From d2dc095f4280ad5fdea33769e8e119fd16648426 Mon Sep 17 00:00:00 2001
From: Namjae Jeon <namjae.jeon@samsung.com>
Date: Sun, 4 Aug 2013 23:10:15 +0900
Subject: f2fs: add sysfs entries to select the gc policy

Add sysfs entry gc_idle to control the gc policy. Where
gc_idle = 1 corresponds to selecting a cost benefit approach,
while gc_idle = 2 corresponds to selecting a greedy approach
to garbage collection. The selection is mutually exclusive one
approach will work at any point.
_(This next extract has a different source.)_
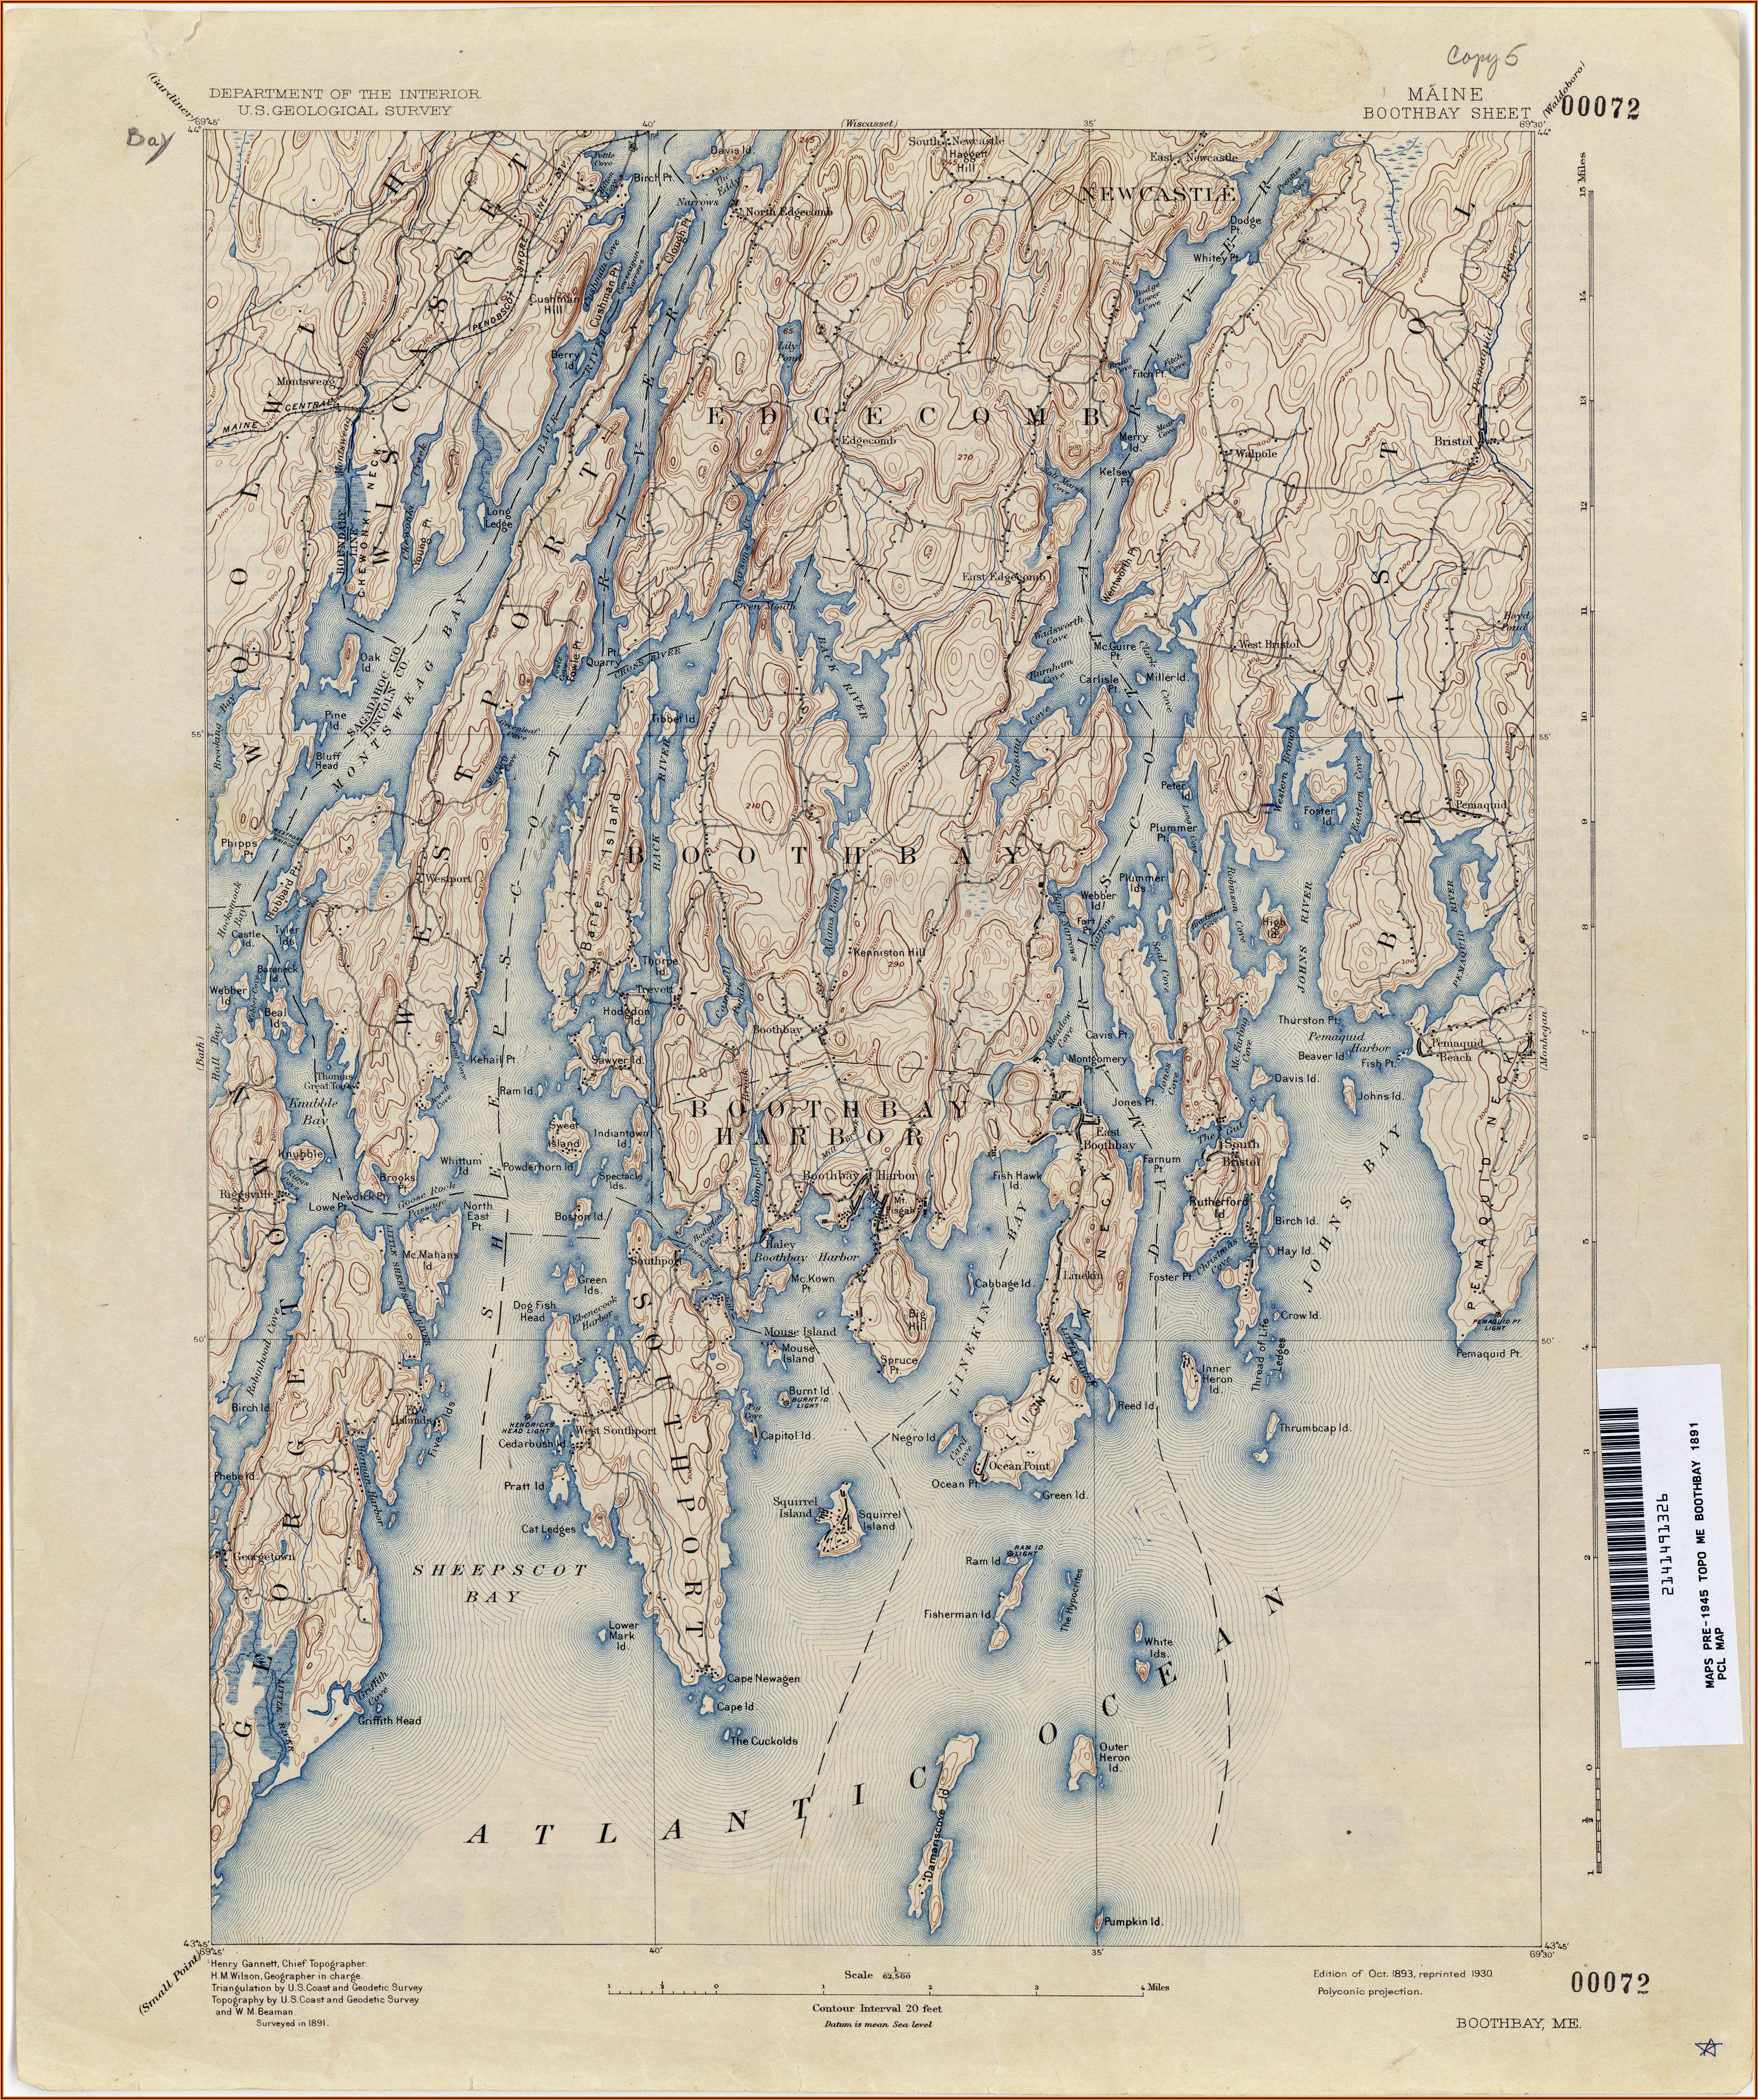 Maine Topographic Maps
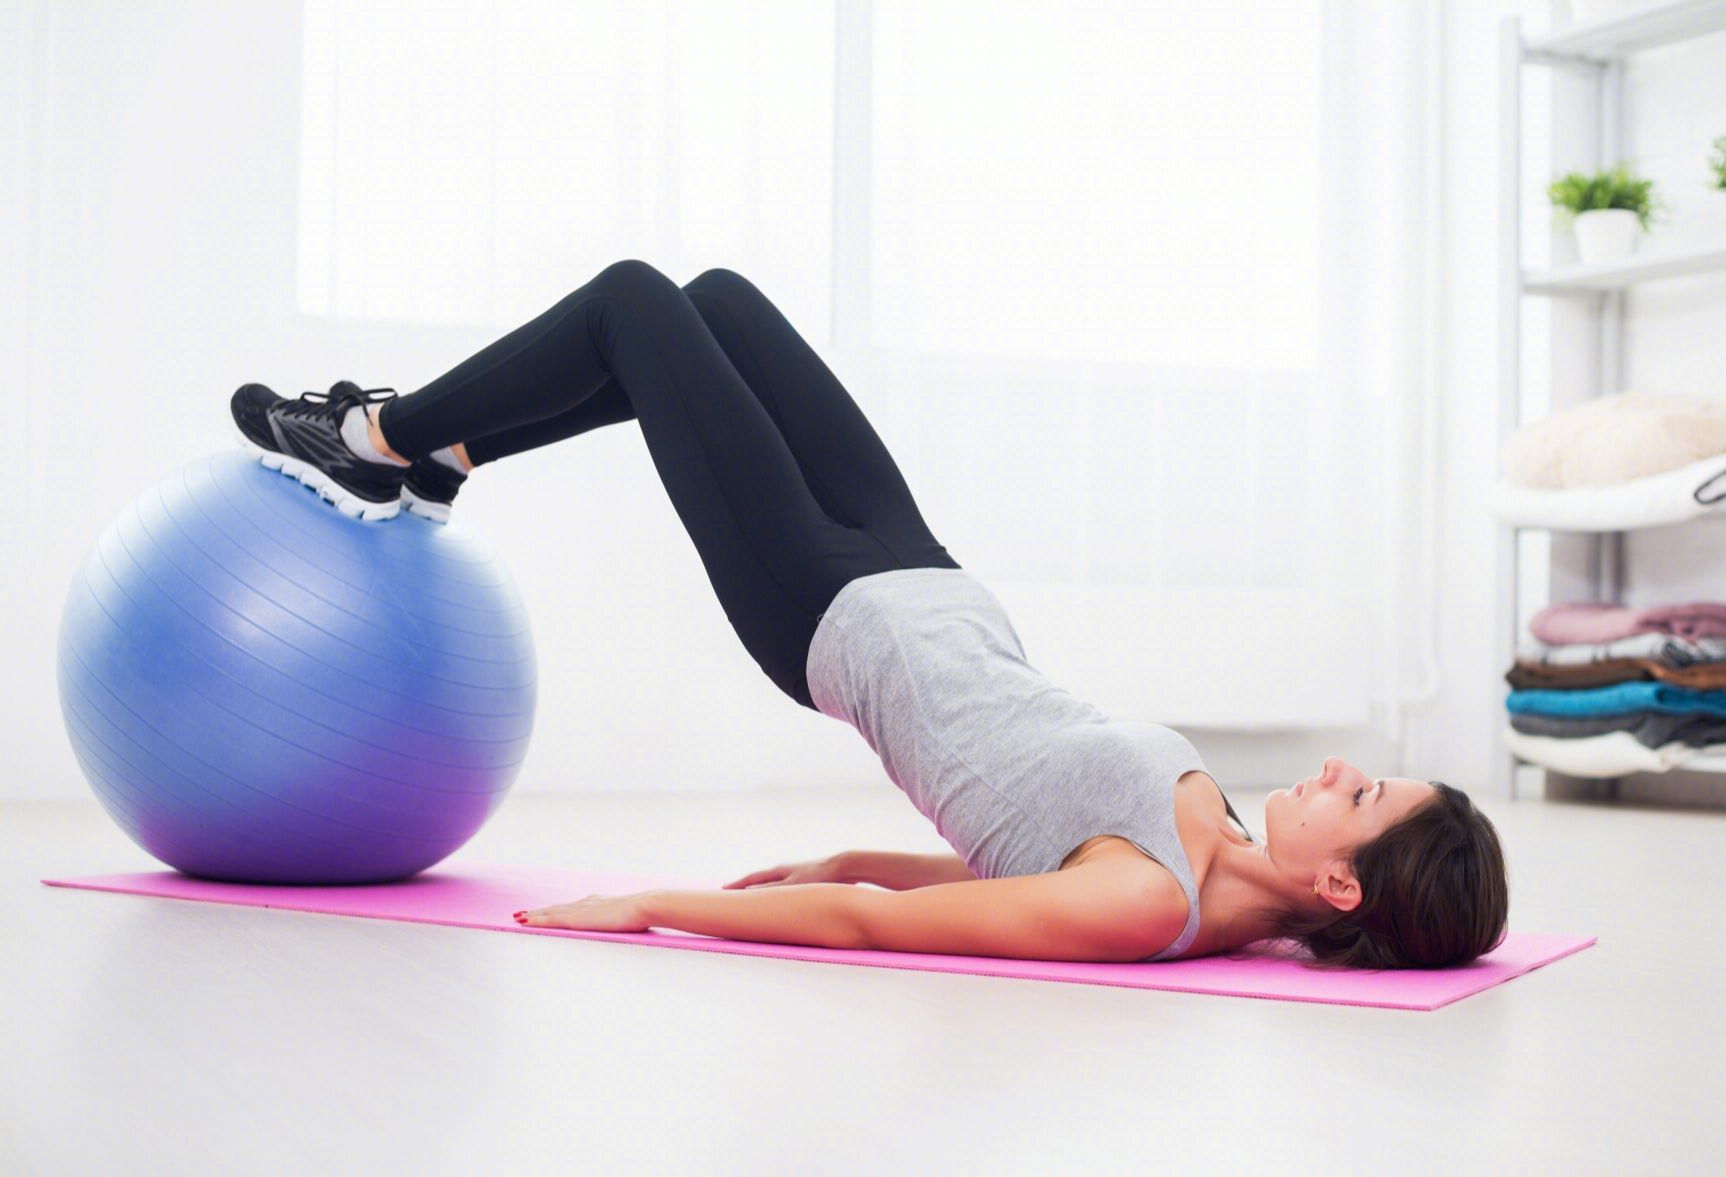 髋外展肌肉力量的训练对髋关节稳定性的作用

If gc_idle = 0, then this
option is disabled.

Cc: Gu Zheng <guz.fnst@cn.fujitsu.com>
Signed-off-by: Namjae Jeon <namjae.jeon@samsung.com>
Signed-off-by: Pankaj Kumar <pankaj.km@samsung.com>
Reviewed-by: Gu Zheng <guz.fnst@cn.fujitsu.com>
[Jaegeuk Kim: change the select_gc_type() flow slightly]
Signed-off-by: Jaegeuk Kim <jaegeuk.kim@samsung.com>
---
 Documentation/ABI/testing/sysfs-fs-f2fs |  6 ++++++
 Documentation/filesystems/f2fs.txt      |  6 ++++++
 fs/f2fs/gc.c                            | 16 +++++++++++++---
 fs/f2fs/gc.h                            |  3 +++
 fs/f2fs/super.c                         |  2 ++
 5 files changed, 30 insertions(+), 3 deletions(-)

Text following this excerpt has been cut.